The following topics will be discussed:
- overview of theories of place, space, and environment in anthropology
- translocal space, multi-sitedness, scale
- digital place-making: smart cities versus hackable cities
- sensory, embodied, and affective space
- creative and participatory research in urban development

Assessment and permitted materials

There will be two individual mid-term papers for this class, each on the basis of a thorough reading of an entire ethnographic monograph (each worth 35%, total 70% of the final grade). In the final research assignment, students apply what they have learnt in a small research project, resulting in a collaborative final assignment in groups of 2 or 3 students (30% of the final grade).

In order to receive a passing grade, weekly participation is compulsory (to evaluated as either "sufficient" or "not sufficient" at the end of the course). "Sufficient" participation includes a maximum of 2 missed classes, and evidence of active engagement with the study materials through participation in discussions and/or the completion of occasional assignments during or in advance of the classes.
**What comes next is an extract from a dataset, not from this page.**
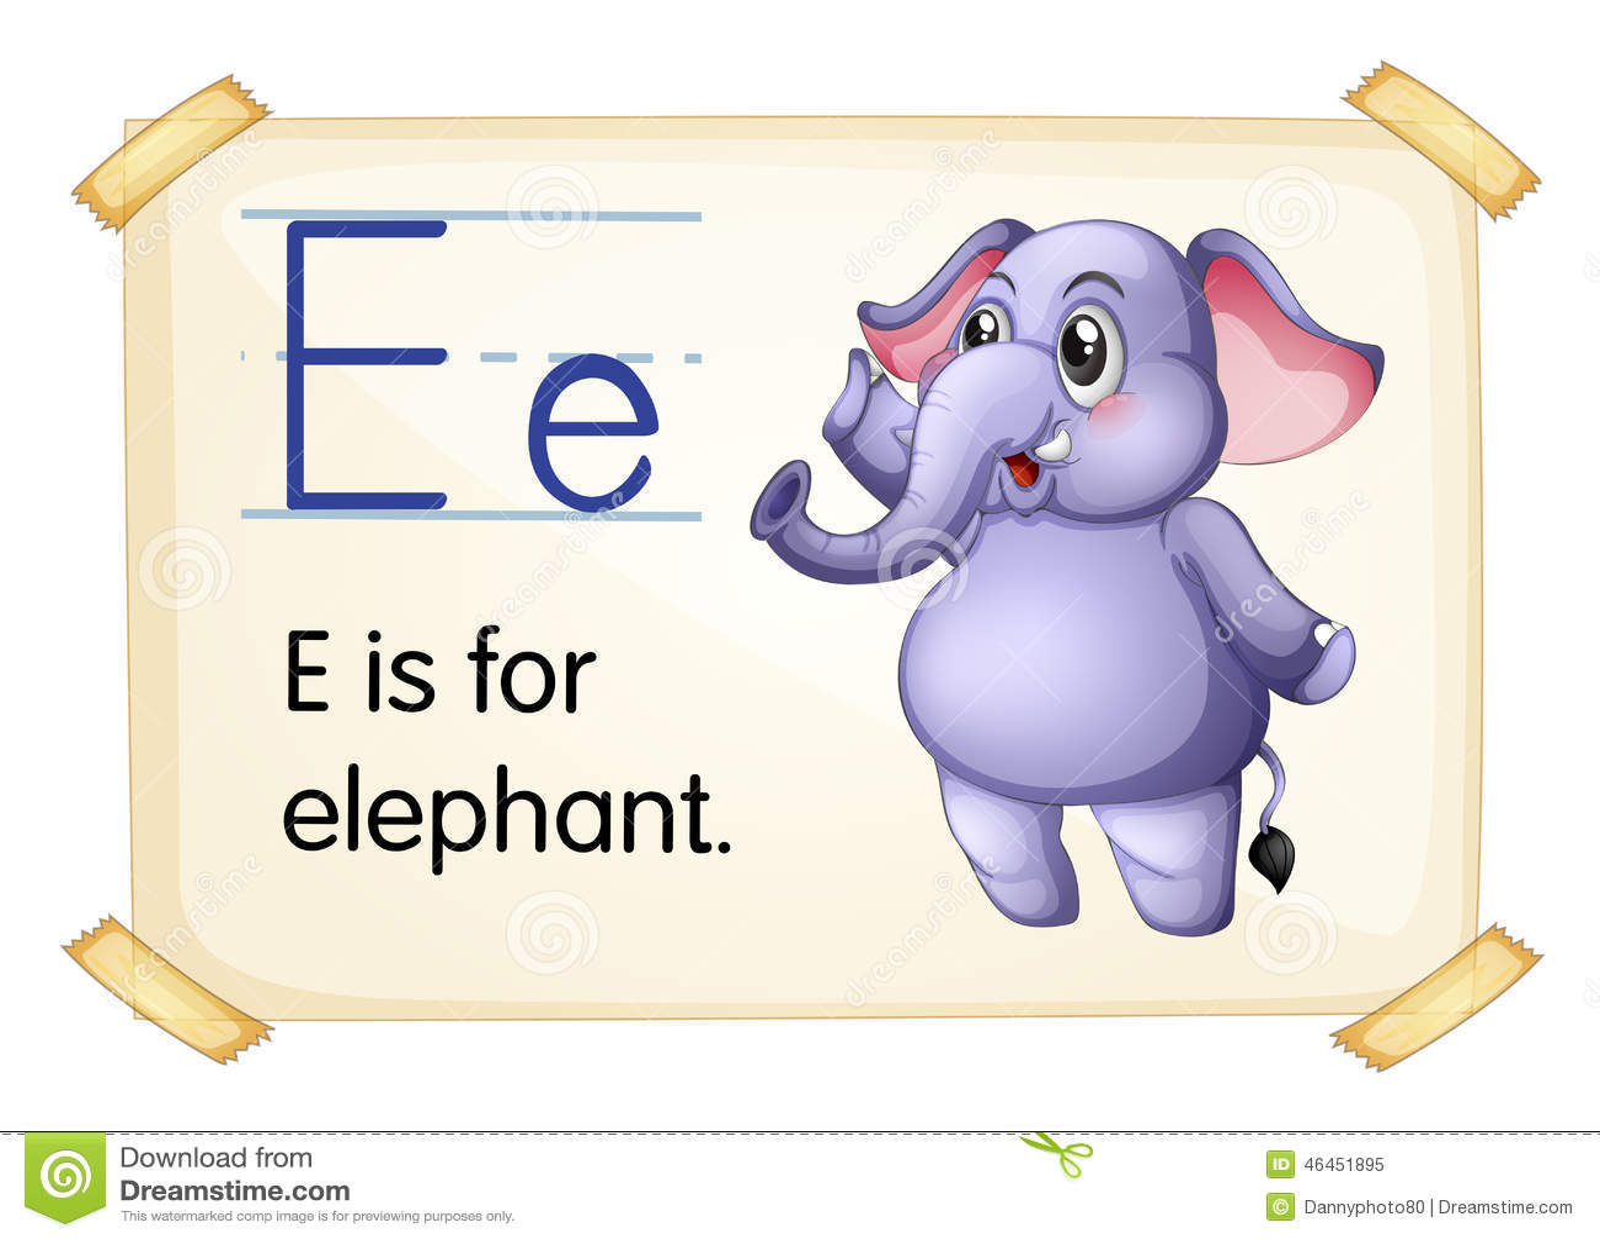 Elephant Flashcard Stock Vector Illustration Of Spelling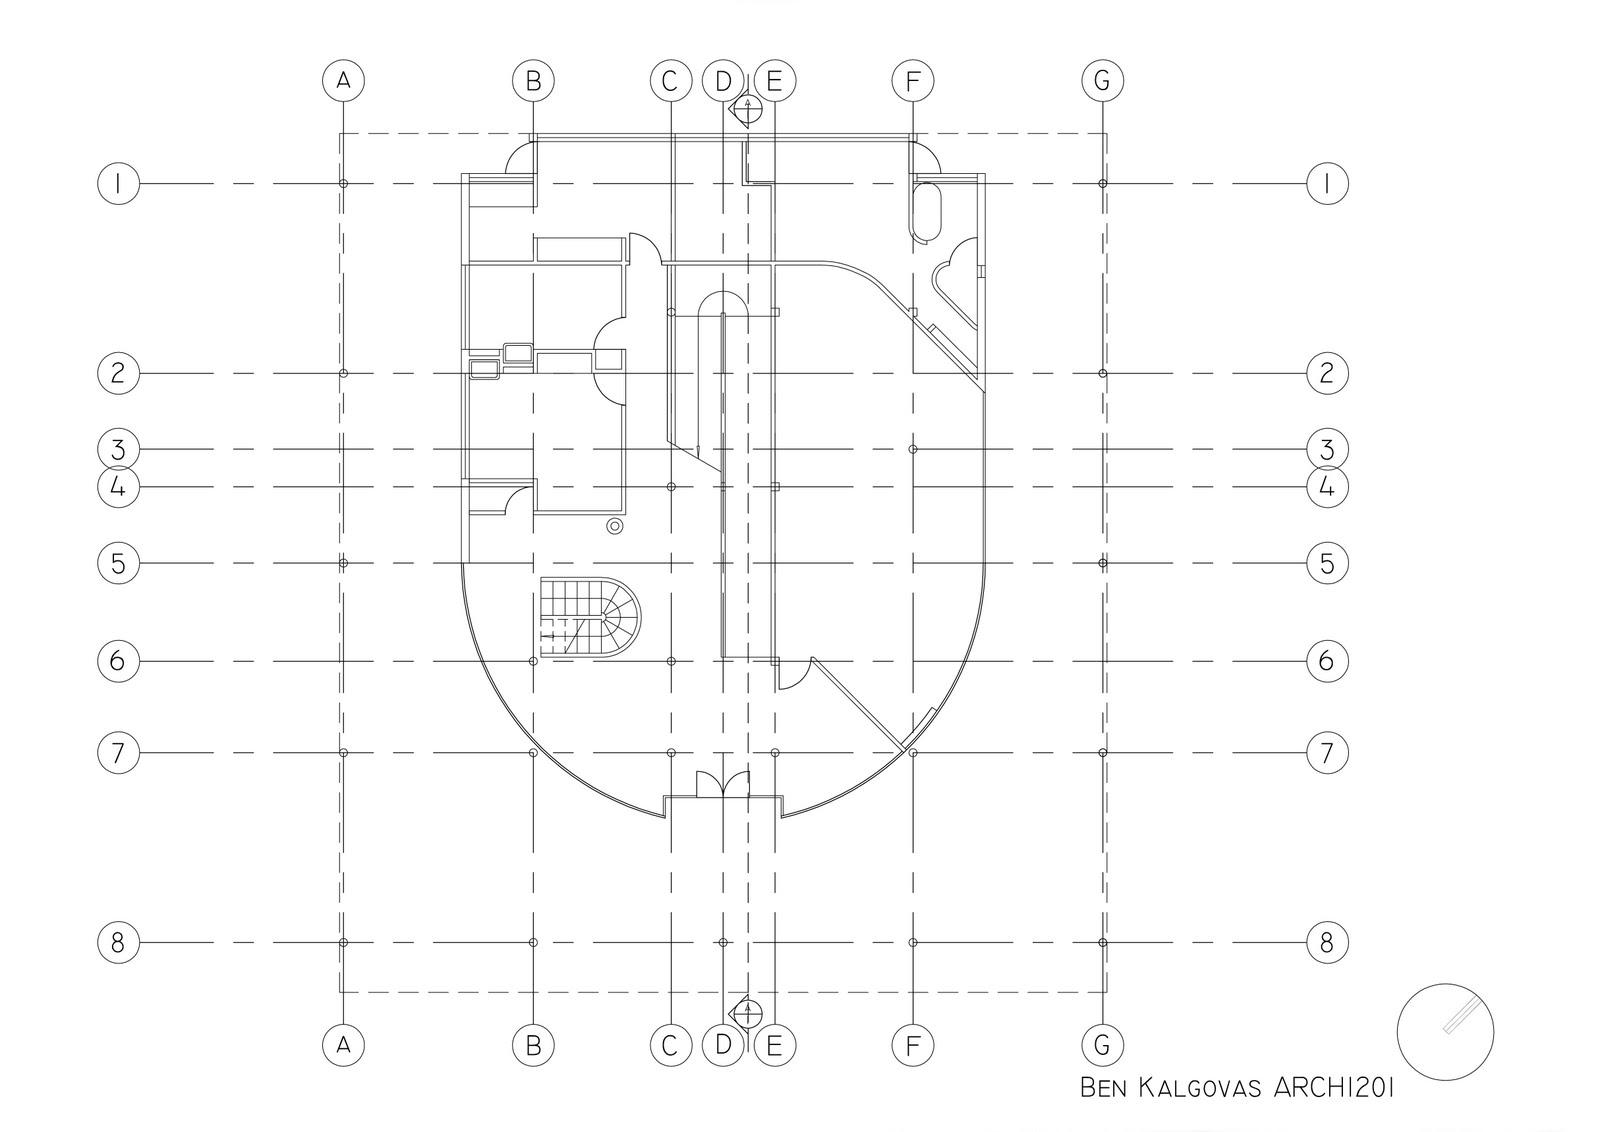 Masculine Bathroom Decorating Ideas. Image Result For Masculine Bathroom Decorating Ideas

Minimum requirements and assessment criteria

A = 1 (Very Good): 87 - 100%
B = 2 (Good): 75 - 86,99%
C = 3 (Satisfactory): 63 - 74,99%
D = 4 (Enough): 50 - 62,99%
F = 5 (Not Enough): 00 - 49,99%

Examination topics

Readings and multimedia examples of research projects, to be studied weekly in advance of the class. Links will be made available on Moodle.

Reading list

Selection of literature
The short list below is included to give an indication. Students will read a selection of ethnographic monographs and will additionally study multimedia resources with examples of creative and participatory research projects into spatial issues. A full list of readings and audio-visual resources will be announced during the first class.
- Low, Setha. 2017. Spatializing Culture: The Ethnography of Space and Place. London: Routledge.
- Anna Lowenhaupt Tsing. 2015. The Mushroom at the End of the World:On the Possibility of Life in Capitalist Ruins. Princeton: Princeton University Press (available as audiobook on Audible, narrated by Susan Ericksen).
- Basso, Keith. 1996. Wisdom Sits in Places: Landscape and Language among the Western Apache. Albuquerque: University of New Mexico Press (accessible as audiobook on Audible, narrated by Steven Jay Cohen).